Correlations between the long noncoding RNA MEG3 and clinical characteristics for diabetic kidney disease in type 2 diabetes mellitus.

Abstract

Background and aims: Diabetic kidney disease (DKD) is a common complication of type 2 diabetes mellitus (T2DM) that leads to systemic inflammation. Maternally expressed gene 3 (MEG3) is a tumor suppressor that is involved in inflammation regulation. The current study investigated the association between DKD and the prevalence of the single-nucleotide polymorphisms (SNPs) of MEG3.

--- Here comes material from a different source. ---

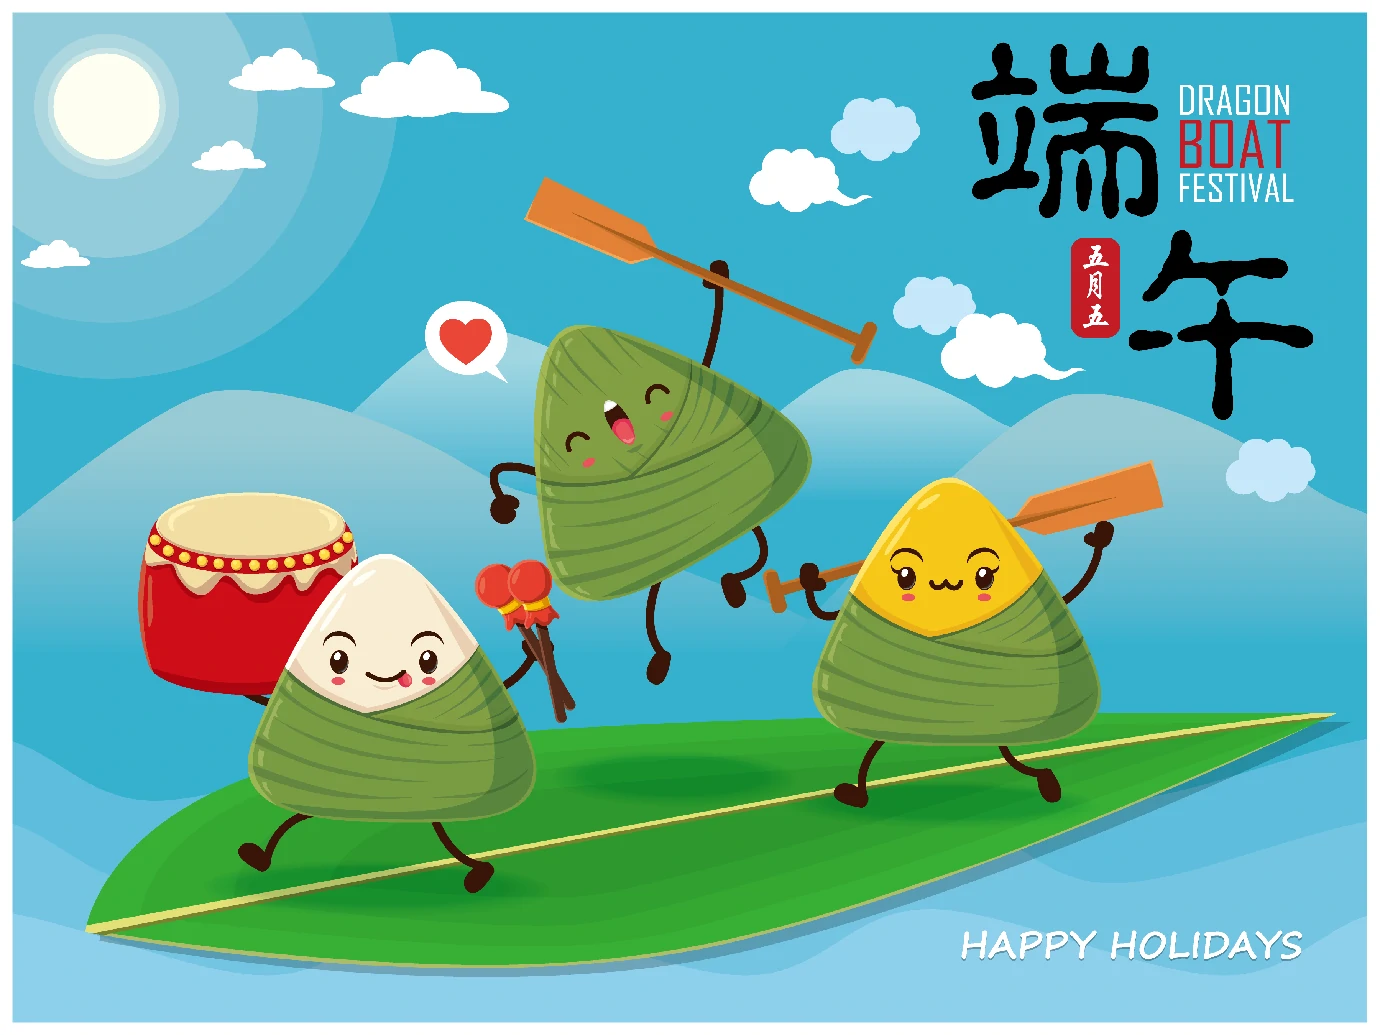 中国传统节日卡通手绘端午节赛龙舟粽子插画海报AI矢量设计素材【003】

Methods: A total of 706 and 735 patients were included in the DKD and non-DKD groups, respectively. The five SNPs of MEG3, namely rs4081134 (G/A), rs10144253 (T/C), rs7158663 (G/A), rs3087918 (T/G), and rs11160608 (A/C), were genotyped using TaqMan allelic discrimination.

Results: Our results revealed that, in the DKD group, the distribution of the GG genotype of the MEG3 SNP rs3087918 was significantly lower than that of the wild-type genotype (AOR: 0.703, 95% CI: 0.506-0.975, P = 0.035). In addition, in the pre-ESRD DKD subgroup, the distribution of the TG + GG genotype of the MEG3 SNP rs3087918 was significantly lower than that of the wild-type genotype (AOR: 0.637, 95% CI: 0.421-0.962, P = 0.032). In addition, among men in the DKD subgroup, the distribution of the GG genotype of the MEG3 SNP rs3087918 was significantly lower than that of the wild-type genotype (AOR: 0.630, 95% CI: 0.401-0.990, P = 0.045). Glycated hemoglobin (HbA1c) level was significantly higher in all T2DM patients with the wild-type genotype of the MEG3 SNP rs3087918 (P = 0.020). In addition, HbA1c levels were significantly higher in male patients and male DKD patients with the wild-type genotype of the MEG3 SNP rs3087918 (P = 0.032 and 0.031, respectively).

Conclusion: MEG3 SNP rs3087918 is significantly less prevalent in patients with DKD, and the SNP rs3087918 of MEG3 is associated with lower HbA1c levels.